Two images 15 years apart summarize the influence and evolution that Industrial Light and Magic (ILM) had in the world of cinema, the special effects company that George Lucas founded in the 1970s when he couldn’t find a company that this could incorporate tricks that Star Wars required. The first, the opening shot of this seminal Episode IV of the saga, in which a gigantic spaceship bursts through the top of the screen and finally floods it completely, to the astonishment of viewers who saw the film in theaters at the time The second, the first test, To see how the fully computer-generated T-Rex that the company’s CGI animation department had been working on for Jurassic Park (1993) looked onscreen a few seconds later. The dinosaur advances toward the audience as determinedly as the Lumière- train at the beginning of the cinema. Steven Spielberg didn’t leave scared, as viewers say of this 1896 short film, but he experienced the brief showing as an “enlightenment” because he understood that the digital image would make everything possible from then on. That’s how he tells it in Light & Magic: A Not So Distant Dream, the docuseries that Disney dedicated to the company’s history, winner of 16 Oscars and nominated for another 46; Birthplace of Pixar and the Photoshop imaging program, and the spearhead that enabled Lucas to realize his plan to digitize the entire cinematographic process, from filming to projection, including editing and sound.
The six chapters, 19 years after his last feature film, Lawrence Kasdan presents his credentials as a documentary filmmaker, beginning behind the camera as a screenwriter for The Empire Strikes Back (1980) and Raiders of The Lost Ark (1981), both by Produced by Lucas and with special effects by ILM—recounts this trajectory at a good pace, narrated by the protagonists themselves. Or, which is the same, it presents a dazzling parade of many of the most brilliant illusionists who were responsible for it, sometimes with highly developed technical exercises to design the most effective tricks and, forgive the redundancy, the ingenuity of what it has are called the magic of cinema: John Dykstra, Dennis Muren, Phil Tippett, Ken Ralston or Richard Edlund, guys who remember Lucas, when they were young and illustrious strangers, and today’s legends, Oscar collectors, masters of his, of the matte paintings, those Tromp e-l’oeil, which cinema used to fool us into believing that they were sets or real places long before chromas existed, right down to the pinpoint, extremely detailed models created by stop-motion (frame-by-frame animation). image) and even the design of special cameras to optimize the filming of tricks.
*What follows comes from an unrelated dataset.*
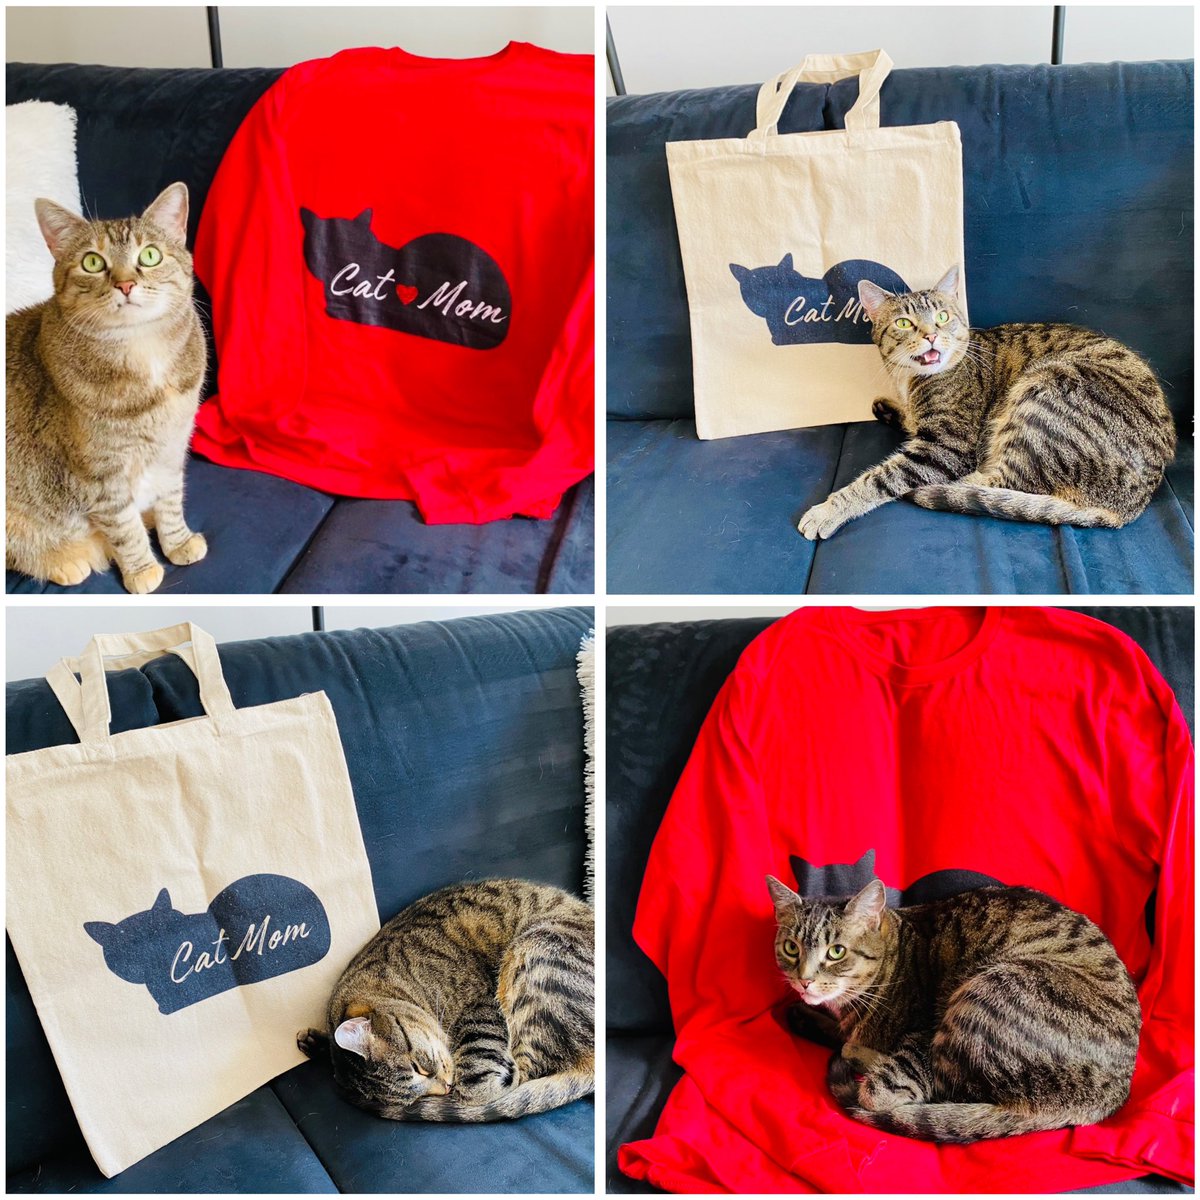 🎉 #CatLadyDay presents for mum arrived! Mum can sport this purrrfect ‘Cat Mom’ tee while she uses the bag to carry our cans of food to the lake! Remy liked the design & mirrored it! 😹 — Hazel From @cheetoandbalaze ▶️ etsy.com/shop/CatsAreAw…  #CatMom #FelineFashion #catsofX

The dozens of testimonials are also peppered with extensive archival images showing the flip side of wonder, the intrigue of, say, the Star Wars saga since its inception.
The set from The Mandalorian series, in an image from Light & Magic: A Dream Not So Distant, by Disney+.Lucasfilm Ltd. (Lucasfilm Ltd.)
There are catches. The documentary completely forgets about the late John Stears, the eldest – and only Oscar-winner – of Lucas’s first commitment to Star Wars. And it has limitations stemming from its nature as a self-promotional product, given that the ILM has belonged to Disney since it bought its parent company Lucasfilm from Lucas, which means, for example, that it archives on the fringes of history and tiptoes over disagreements between Lucas himself and Dykstra, the company’s first boss, and the one he fired after the first film. And while it shows how people were already working against the clock in the 1970s, it doesn’t explain that accelerating technological progress not only hasn’t stopped this trend, but also that visual effects professionals are working with more and less pressure deadlines. , as several of them denounced in an article on specialist technology website Gizmodo last month that this happens in Marvel productions also owned by Disney.
But even with those flaws, Light & Magic, available on Disney+, is revealing. The archival footage, these making-of fragments full of detail, at times convey an immediacy similar to Get Back, Peter Jackson’s amazing documentary about the Beatles, and also the emotion that emanates from looking at images that show them to a group of brilliant people, in many cases friends who work hard, doing what they do best, working side by side to create something unique. Kasdan also seems to want to apply the motto repeated by his protagonists: that the visual effects must be at the service of the script and not the other way around.
Phil Tippet presenting “Light & Magic: A Dream Not So Distant” at the annual Star Wars Convention on May 27, 2022 in Anaheim, California. Jesse Grant (Getty Images for Disney)
So yes, we do see the magic being made, but most of all there is a good story full of rich and well-rounded characters. Most touching is Tippett, the great master of stop-motion who suffers from bipolarity and has devoted decades to a job others would find boring, but which not only excites him but saves him from suicide when he discovers that T – Digital Rex, that his art is obsolete before the power of CGI. “I feel extinct,” he told Spielberg in shock. “That’s a great line, I’ll put it in the film,” the director replied. And then I’ll help him retrain. At 71, Tippett is still working.